Раввин А. Штейнзальц писал: «Поход воинств Всевышнего… это не война с определенным врагом, а покорение мира, лишенного святости. Цель этой кампании — покорить несовершенный мир Всевышнему и подчинить Его власти… Исполнение приказа, полученного этим воинством, требует верности и самоотверженности, а нарушение его влечет за собой страшные последствия: «Проклят тот, кто не установит слова этой Торы, чтобы их исполнять!» (Дварим 27:26). «Установить слова Торы» — это не только повеление исполнять заповеди. «Установить» — значит сделать слова Торы основой существования. И каждого, кто уклонялся от этого, раввины, ссылаясь на Писание, называли «проклятым».
И это не просто слова. Ревнители веры — это те иудеи, которые не раз брали закон в свои руки с целью уничтожения вероотступников. Ревнители веры — авангард воинства Господа, которое богословы, как правило, отождествляют с воинством небесным. Между тем, эти воинства не всегда упоминаются на страницах Ветхого завета с положительной стороны (как в Нав. 5:13 или 3 Цар. 22:19). Так, книга Второзаконие предписывала приговаривать к смерти за поклонение «воинству небесному» (Втор. 17:3—5).
Надо заметить, что в переводе на иврит ревнители — канаим, а по-гречески это слово означает — зелоты. Смысл здесь один и тот же. Канаим — это ревнители, которые с особым упорством отстаивали Тору и иудейскую веру. А зелоты — одна из наиболее радикальных религиозных сект в Иудее, добивавшихся упразднения эллинистического влияния и свержения римского владычества.
Согласно определению, которое дано А. Штейнзальцем, ревнитель (канай) — человек, переживающий за осквернение Имени Всевышнего, ревностно относящийся к соблюдению законов Торы и возмущенный их преднамеренным и неприкрытым нарушением. Если он застает преступника в момент преступления, Тора оставляет за ним право убить нарушителя закона.

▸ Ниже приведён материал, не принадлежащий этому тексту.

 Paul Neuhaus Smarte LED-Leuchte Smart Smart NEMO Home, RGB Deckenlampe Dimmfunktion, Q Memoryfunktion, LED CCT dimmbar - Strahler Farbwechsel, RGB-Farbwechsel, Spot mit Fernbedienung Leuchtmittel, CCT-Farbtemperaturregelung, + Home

Примеры такого рода внесудебных расправ хорошо известны. Они подробно описаны еще в древнейших ветхозаветных источниках. Это истории пророка Моисея, убившего египтянина, который всего лишь ударил еврея (Исх. 2:11—12) и Финееса (Пинхаса), внука священника Аарона, лишившего жизни иудея за то, что он вступил в запретную связь с мидьянитянкой. А. Барац отмечал, что традиция не считает их преступниками: «Устная Тора квалифицирует действия Пинхаса и Моше не как самосуд, а как прецеденты, выявившие Б-жественный закон».
Библия свидетельствует: когда израильтяне в очередной раз впали в идолопоклонство и начали блудодействовать, «сказал Господь Моисею: возьми всех начальников народа и повесь их Господу перед солнцем». После этого Моисей дал указание убивать идолопоклонников. И Финеес убил на глазах всей общины израильтянина и мидьянитянку, с которой тот вступил в связь. Всего же тогда умерших «от поражения было двадцать четыре тысячи» (Чис. 25:1—13).

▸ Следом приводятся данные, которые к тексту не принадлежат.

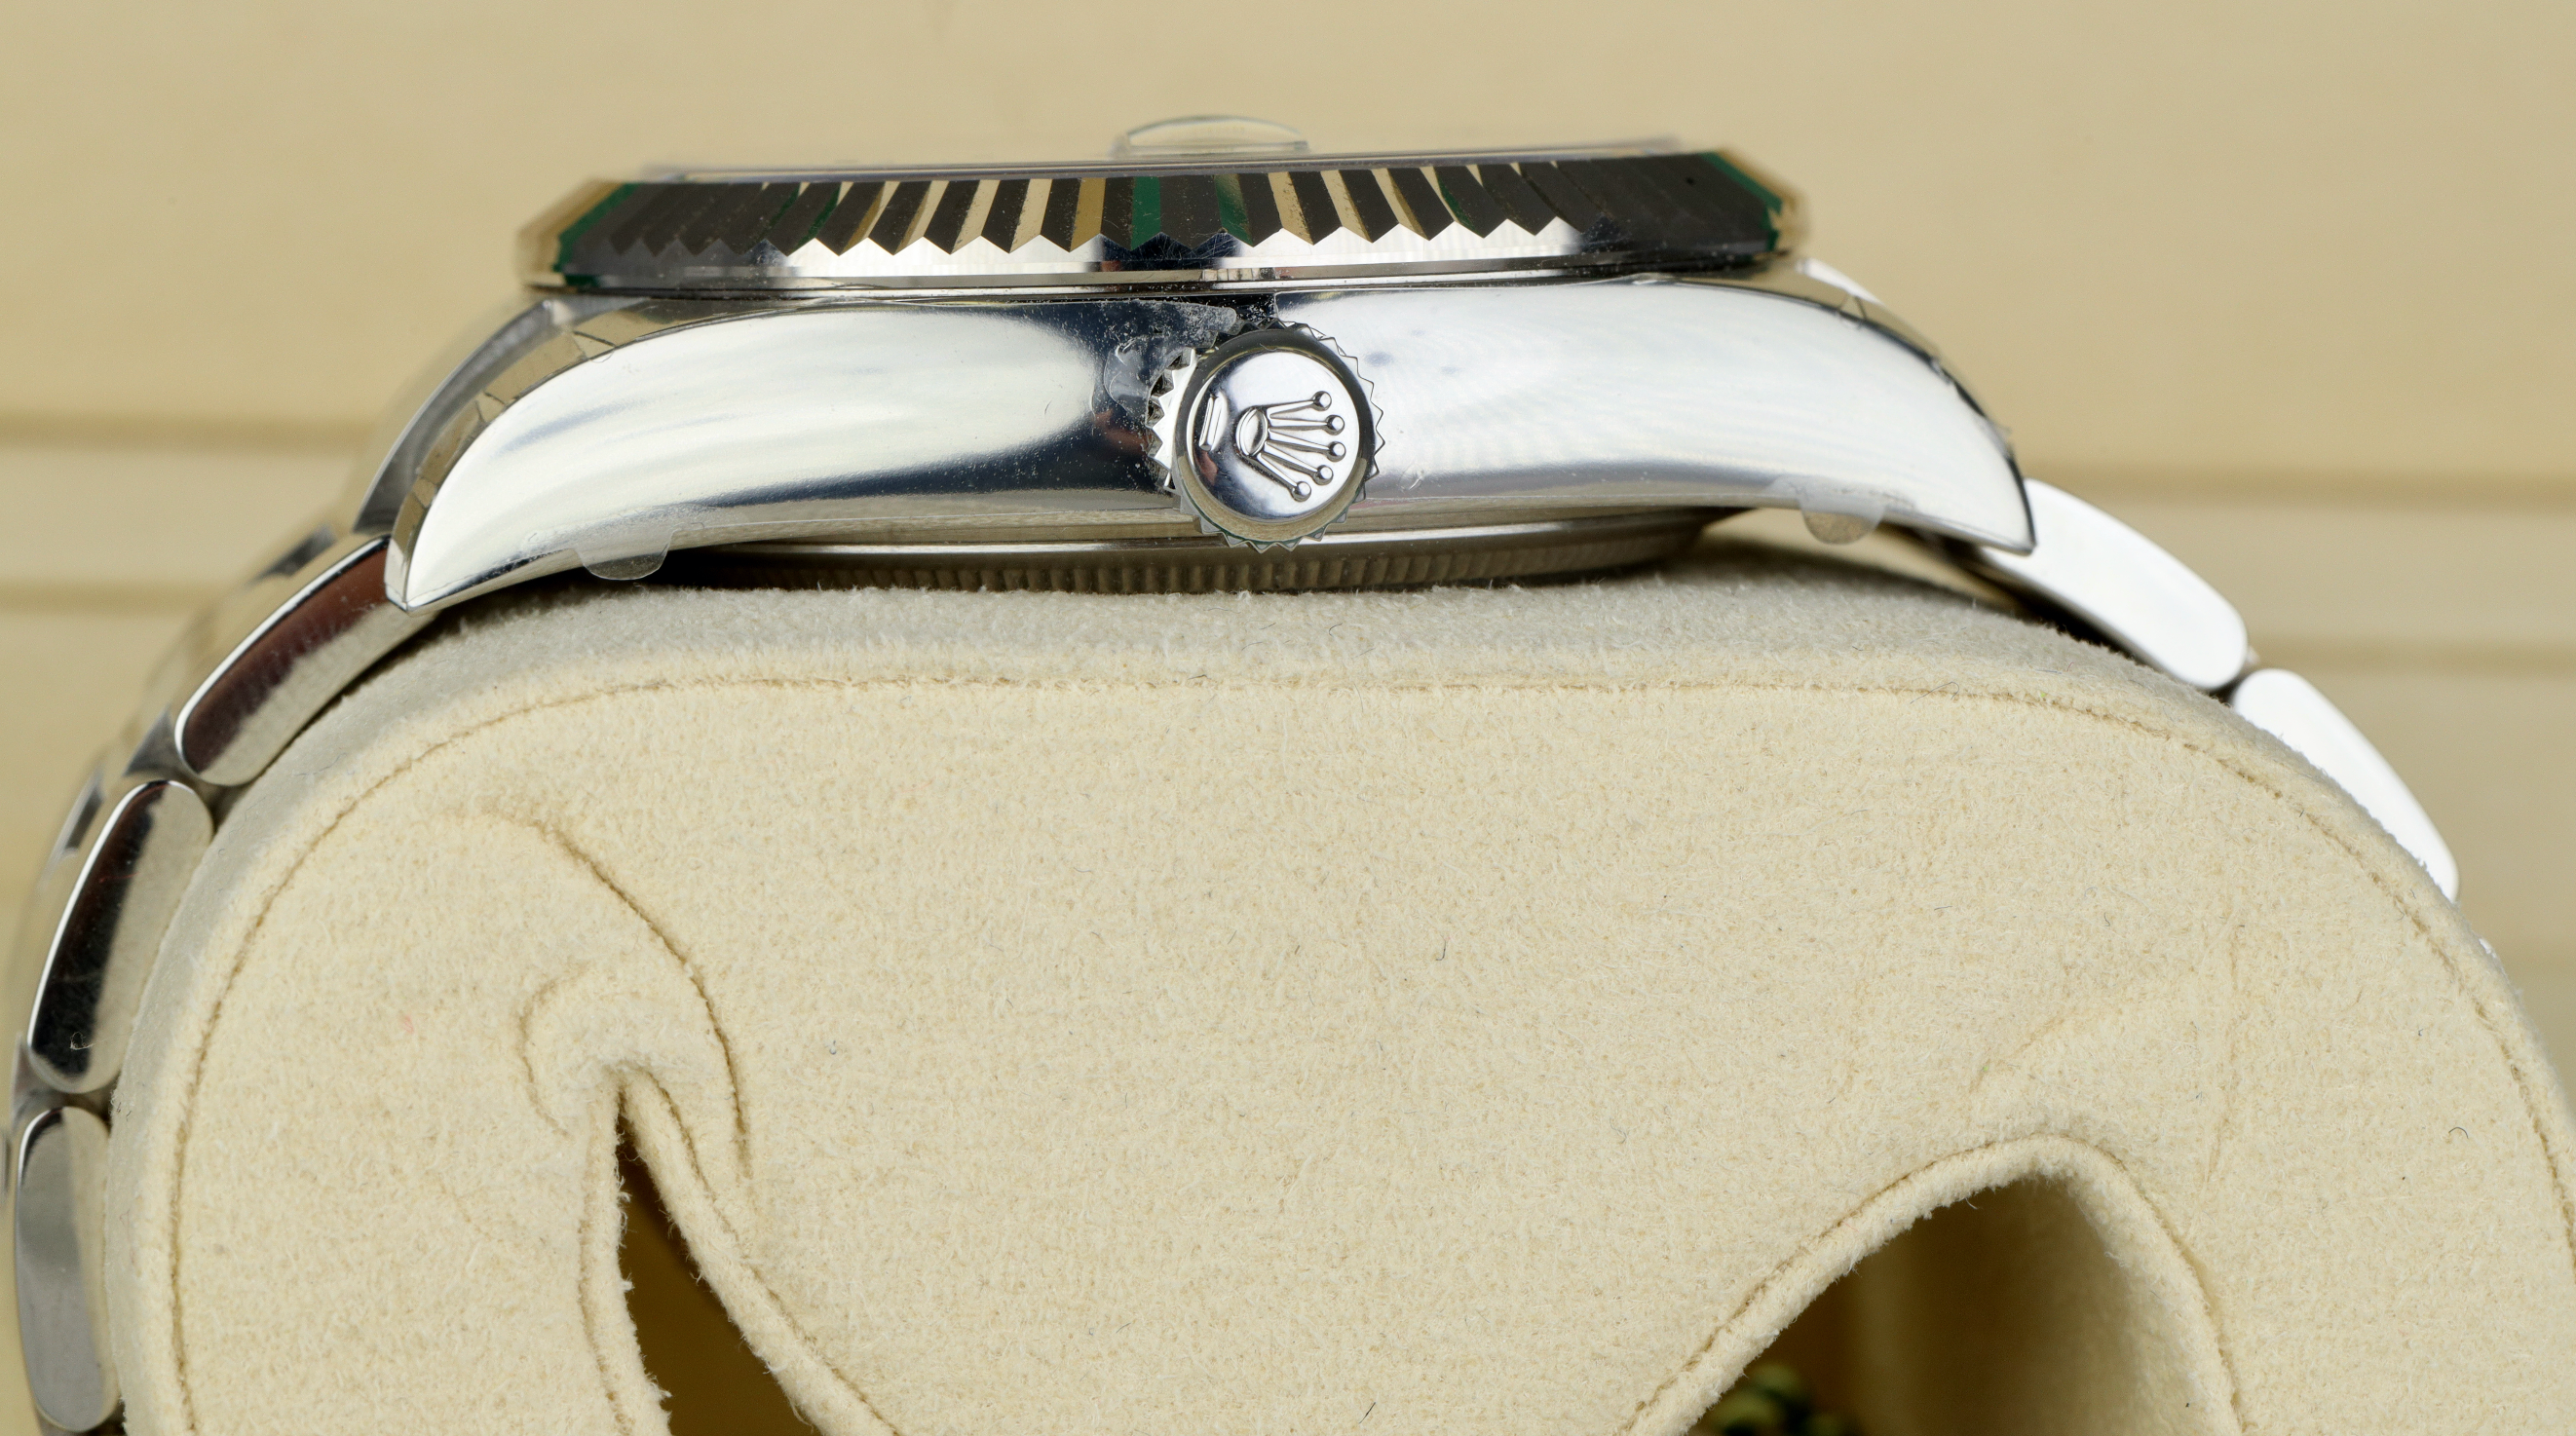 BRAND NEW 2020 Rolex Sky-Dweller Stainless 18K White Gold 326934 42mm Watch

Комментируя этот библейский эпизод, А. П. Лопухин отмечал, что «право ревнования», которым руководствовался Финеес, «признается раввинским учением за каждым евреем в случаях опасности соблазна для народа». А обвинение в соблазне — это одновременно и обвинение в самом тяжком преступлении — идолопоклонстве.

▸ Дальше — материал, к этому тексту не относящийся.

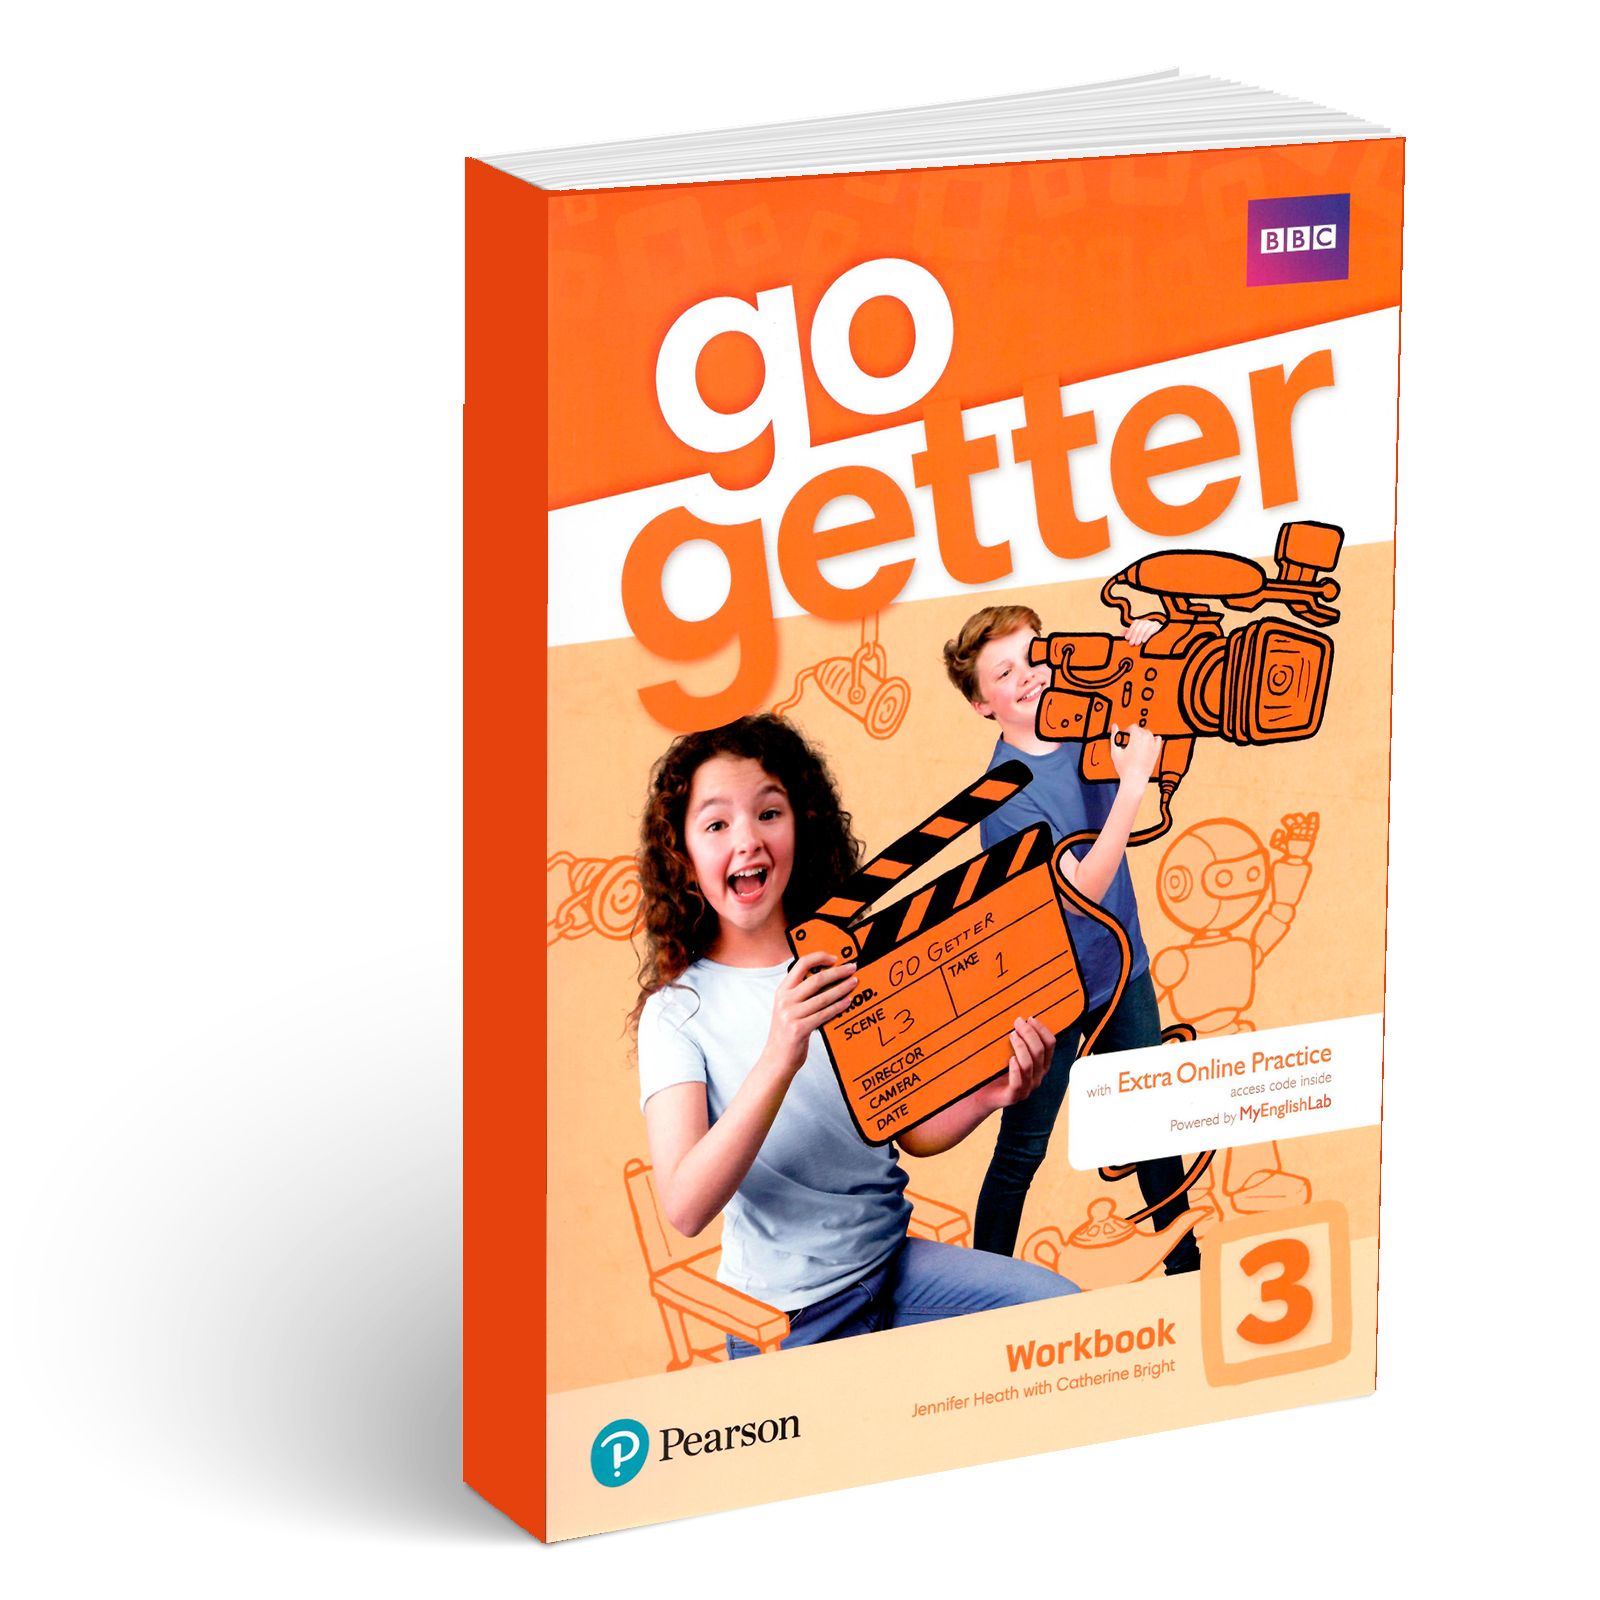 Go getter 3 страница 3. Go Getter 3 Workbook. Go Getter учебник. Учебник go Getter 3. Gogetter 3 students book.

Огромное число казненных от рук ревнителей — 24 тысячи иудеев, «умерших от поражения» — всегда вызывало сложности у толкователей Библии. И с течением времени сложилось мнение, что все они скончались от моровой язвы. Однако апостол Павел утверждал, что погибших было не 24, а 23 тысячи, и погибли они «в один день» (1 Кор. 10:8), то есть все же не от «язвы», а «от меча по приговору Моисея и судей».
В хасмонейский период правовые воззрения хасидеев-ревнителей, требовавших неукоснительного исполнения закона, нашли отражение в Маккавейских книгах. «С наибольшей полнотой, как отмечается в ЭЕЭ, воззрения хасидеев отражены в ранних пластах II книги Маккавеев». Суть этих воззрений отражает постулат: «нечестиво поступать против Божественных законов невозможно ненаказанно» (2 Макк. 4:17). То есть, нечестивец, отступивший от Торы, обязательно должен за это ответить, понести самое суровое наказание.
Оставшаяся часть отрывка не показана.